Roger Clark, known for his portrayal of Arthur Morgan in Red Dead Redemption 2 (2018), was cast as Jack Leary. The development team chose Clark based on his theater background and his performance as Morgan, while Clark saw the role as an opportunity to explore a different character archetype. Julia Brown, for whom Fort Solis was her first game project, portrayed Jessica Appleton, Jack's colleague. Appleton's appearance was based on that of Brown. The dynamic between Jack and Jessica was inspired by the characters Henry and Delilah from the video game Firewatch (2016). Baker accepted the role of Wyatt because he was interested in the story and wanted to work with Clark. Tinsdale described Wyatt as "probably the most complex and biggest character in the game." The actors performed motion capture and voice work, and they were allowed to improvise and adapt elements of their characters.

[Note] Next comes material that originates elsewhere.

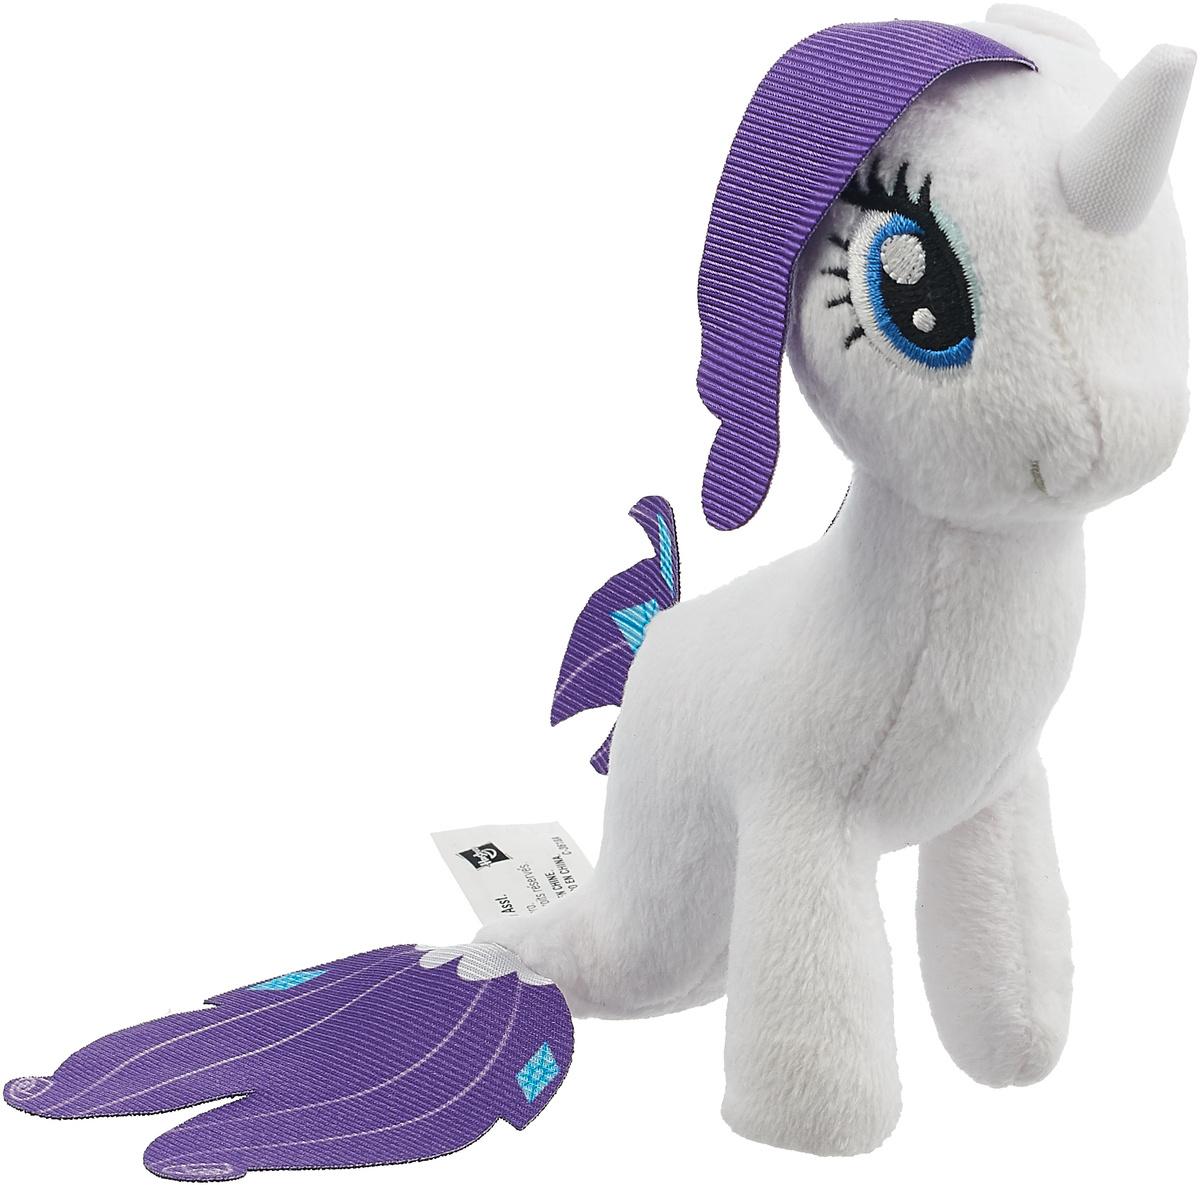 Игрушка мягкая подводная пони рарити (C2844) My Little Pony, Hasbro #1

The developers prioritized narrative and atmosphere over game mechanics, opting to remove elements they considered unnecessary to the story. Although initially conceived as a first-person experience, the game transitioned to a third-person perspective to better facilitate the intended design of continuous gameplay featuring long takes. The team implemented "key sequences," cinematic story moments with quick time events (QTEs) inspired by God of War (2018) and The Last of Us Part II (2020), which allowed the player to maintain character control. These sequences were designed to "enforce player choice; we didn't want players to just do a QTE where the result would be almost formulaic." Fort Solis was developed using Unreal Engine 5, and the developers utilized Nvidia's Omniverse Audio2Face technology for facial animations. The visual design philosophy aimed for a grounded and "gritty" futuristic aesthetic, taking inspiration from the television series The Expanse (2019–2022).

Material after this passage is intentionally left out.